Barrow (Ring Barrow), Coolnashamroge, Co. Limerick
Co. Limerick |
Barrows
Some ancient monuments announce themselves with drama; this one barely announces itself at all.
A ring-barrow in the townland of Coolnashamroge, County Limerick, exists primarily as a ghost, visible not to the naked eye on the ground but as a faint circular cropmark caught by aerial cameras at particular moments in time. By the time a Google Earth survey photographed the area in June 2018, even that trace had vanished entirely. What we are dealing with, then, is a monument that flickers in and out of the visible world depending on the season, the camera, and the state of the soil beneath.
A ring-barrow is a burial mound, typically prehistoric in origin, defined by a circular earthen bank and sometimes an internal ditch, raised over a grave or series of graves. This particular example sits within a notably dense cluster of such monuments. Two closely related ring-barrows, recorded as LI023-283 and LI023-282, lie just three metres to the north and seven metres to the north-west respectively, suggesting the area around Coolnashamroge was once a meaningful funerary landscape, used and reused over generations. None of these monuments appear on Ordnance Survey Ireland historic maps, meaning they escaped the attention of earlier surveyors entirely. It was oblique aerial photography, specifically the McCloud survey image catalogued as AF 16, that first identified the site as a cropmark. Subsequent orthoimagery from OSi between 2005 and 2012, and from Digital Globe between 2011 and 2013, confirmed a faint circular form in the soil. The record was compiled by Alison McQueen and Vera Rahilly and uploaded in September 2020.

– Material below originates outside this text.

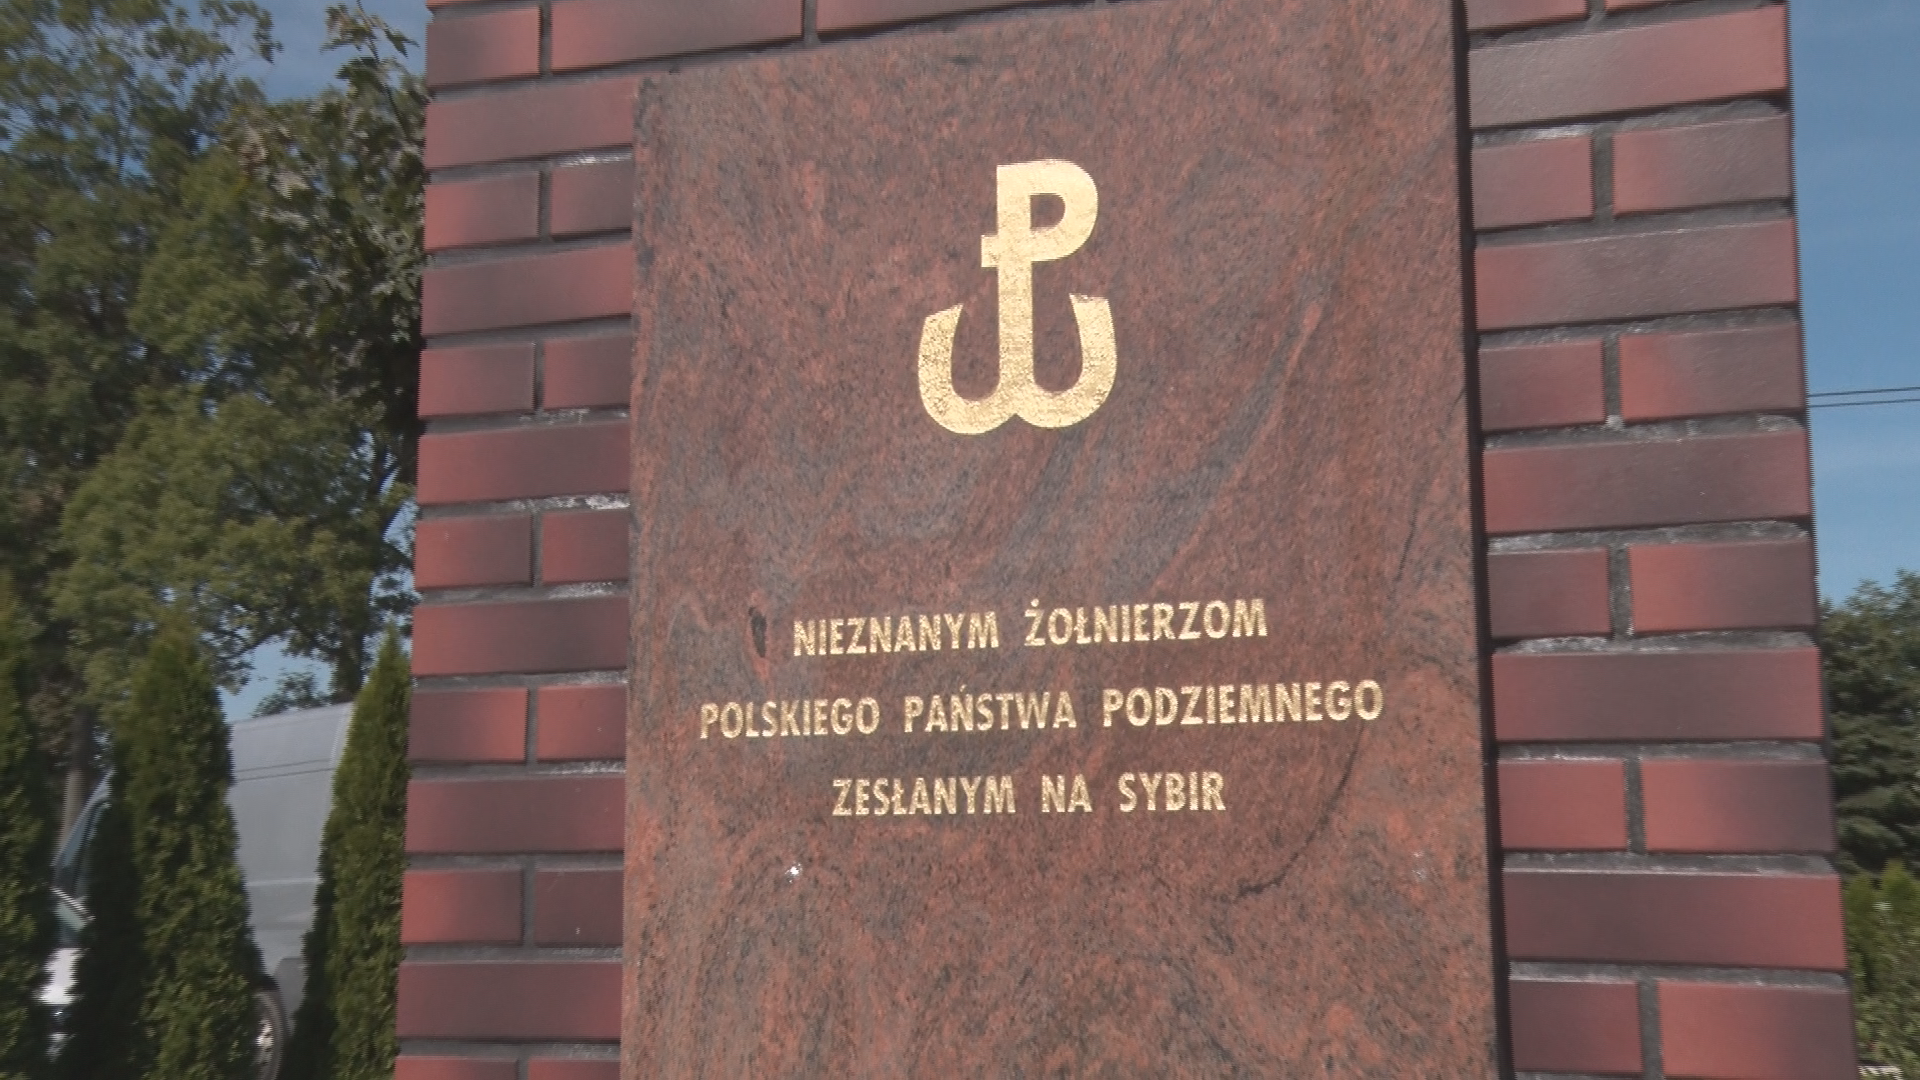 V rocznica odsłonięcia Pomnika Sybiraków w Sędziszowie Młp.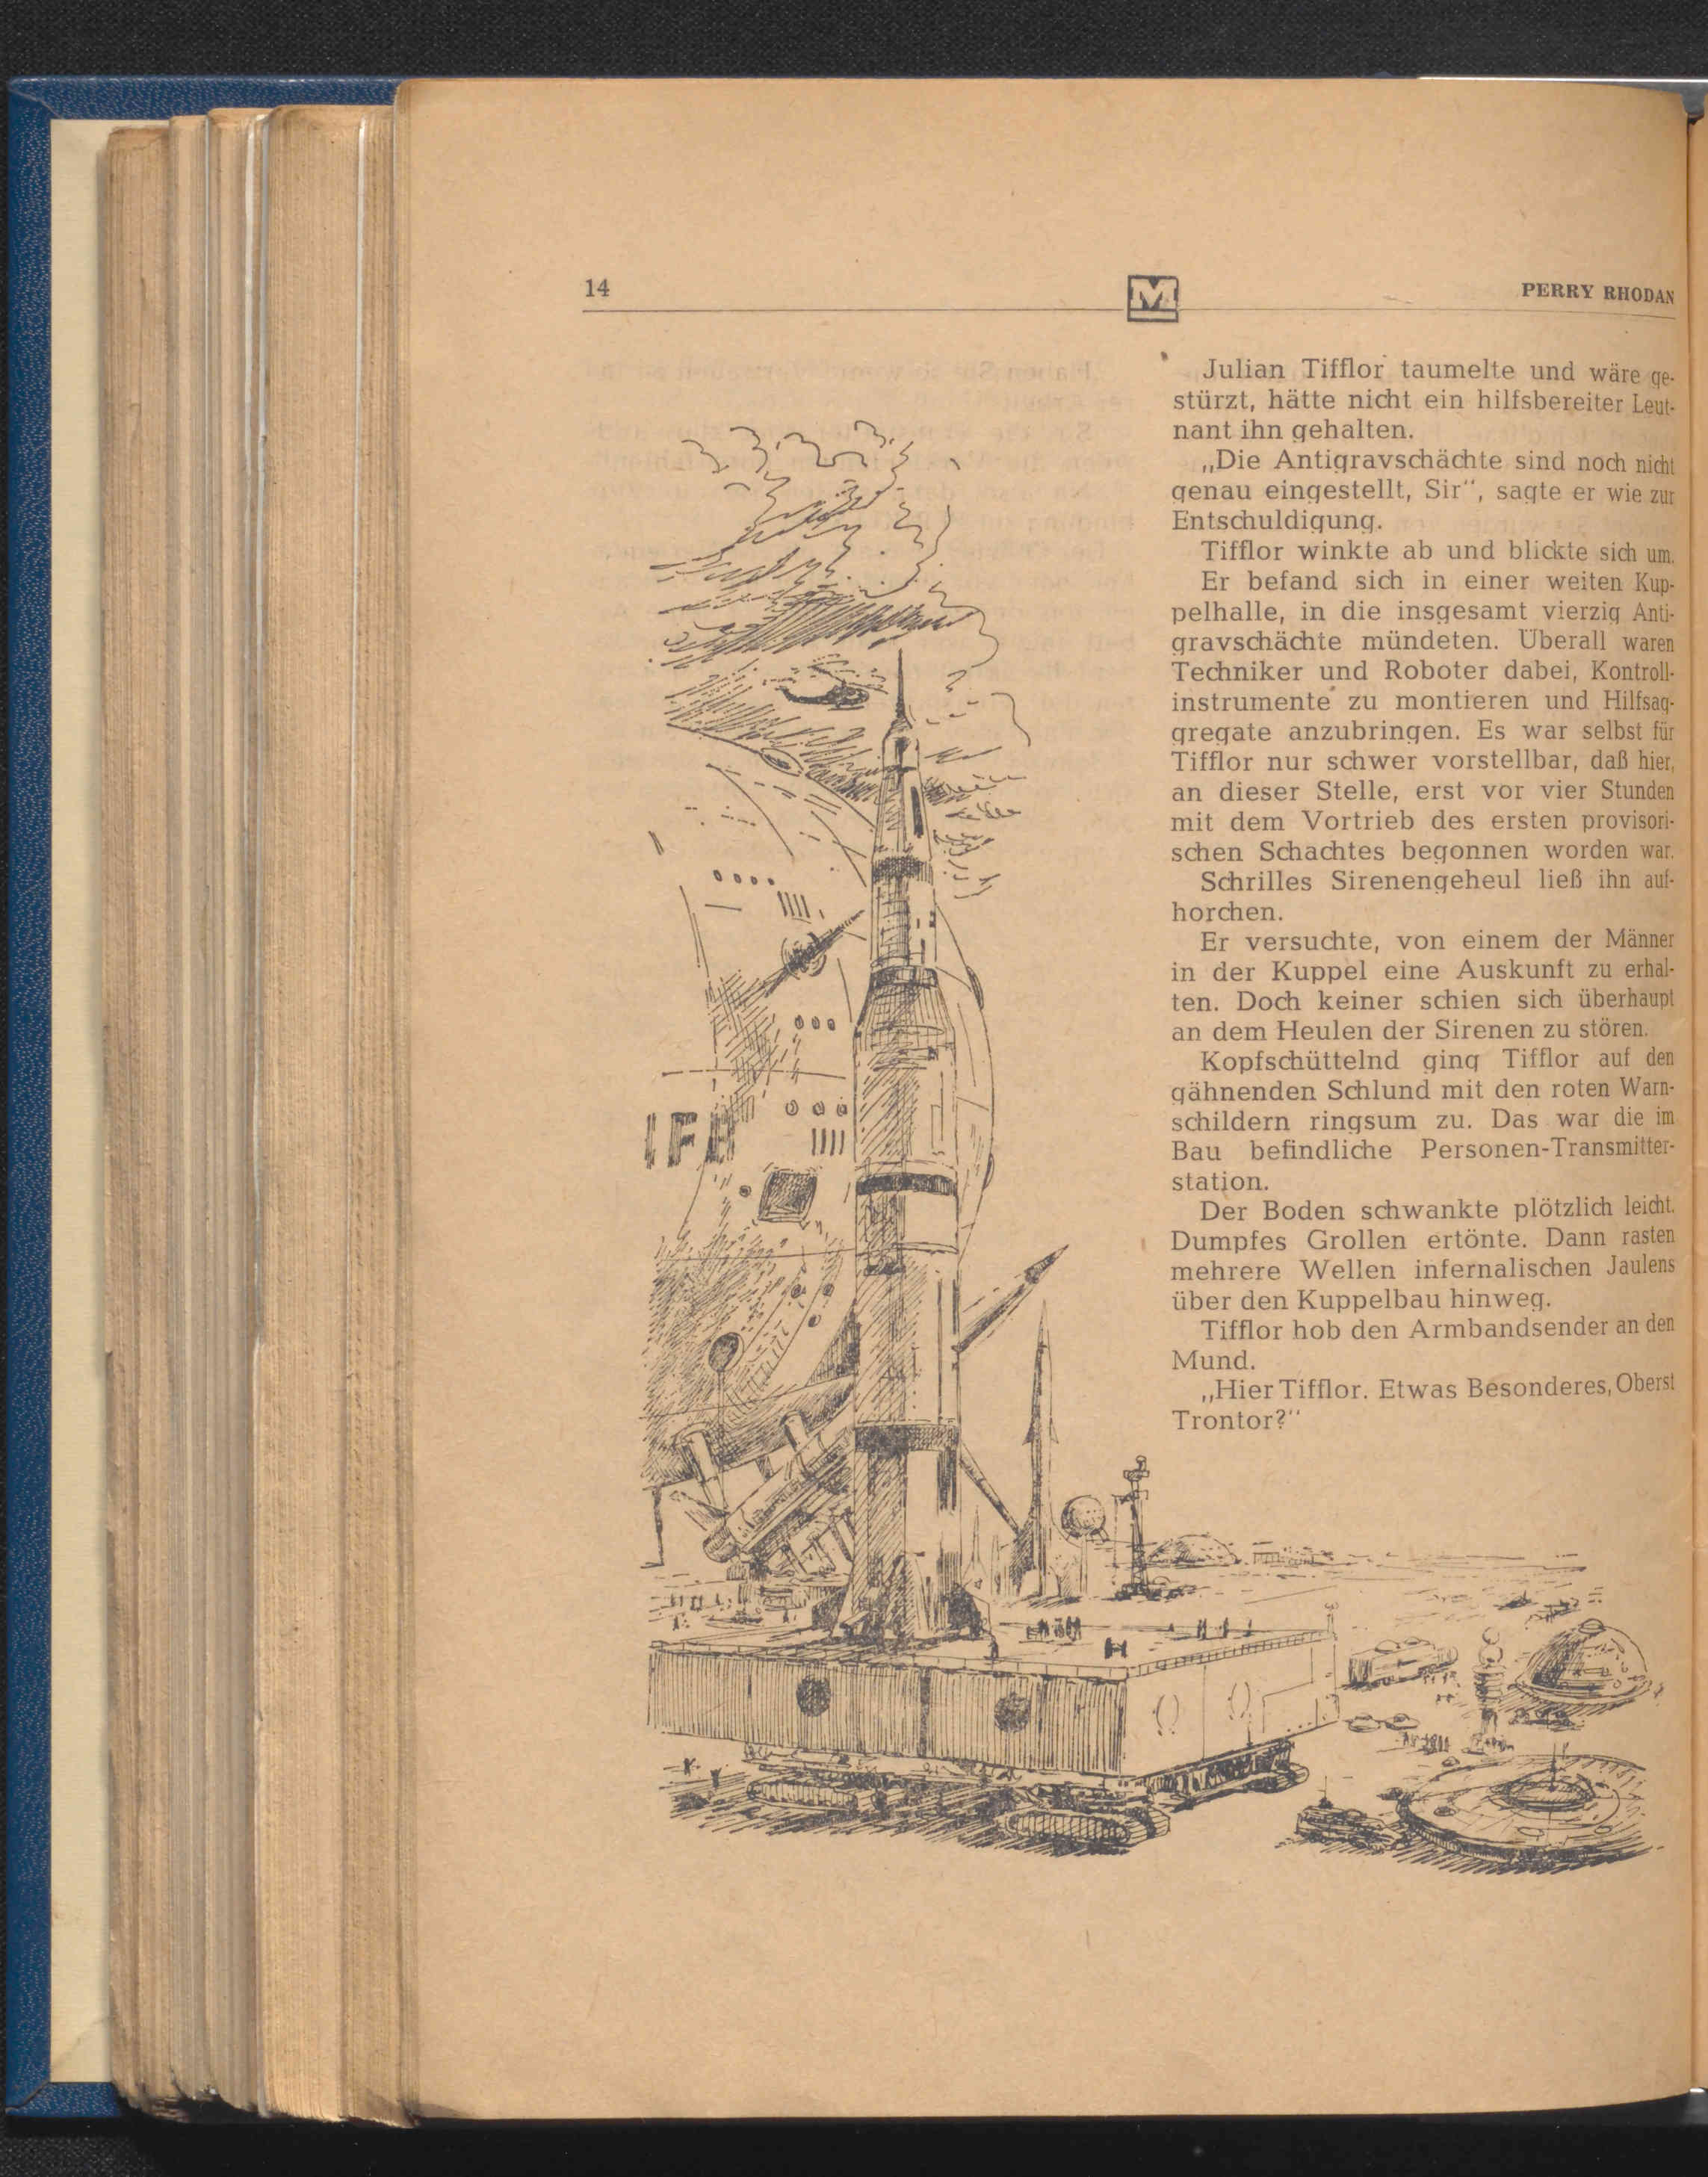 Die Abbildung zeigt eine Illustration in einem der älteren PERRY RHODAN-Hefte.

The broader setting gives some clue as to why this site has remained so elusive. The land here is low-lying and wet, cut through by drainage channels and watercourses, with a linear north-to-south land drain running immediately to the east of the monument. Wet pasture of this kind tends to obscure earthwork features that might otherwise survive as visible lumps and humps in drier conditions. Cropmarks, which appear when differences in soil composition cause crops or grass above buried features to grow at slightly different rates, are highly sensitive to the season and the year's rainfall. A visitor standing in this field would see ordinary, unremarkable pasture. The barrow is there, in a sense, but it belongs to a category of place that exists more fully in archive photographs than on the ground itself.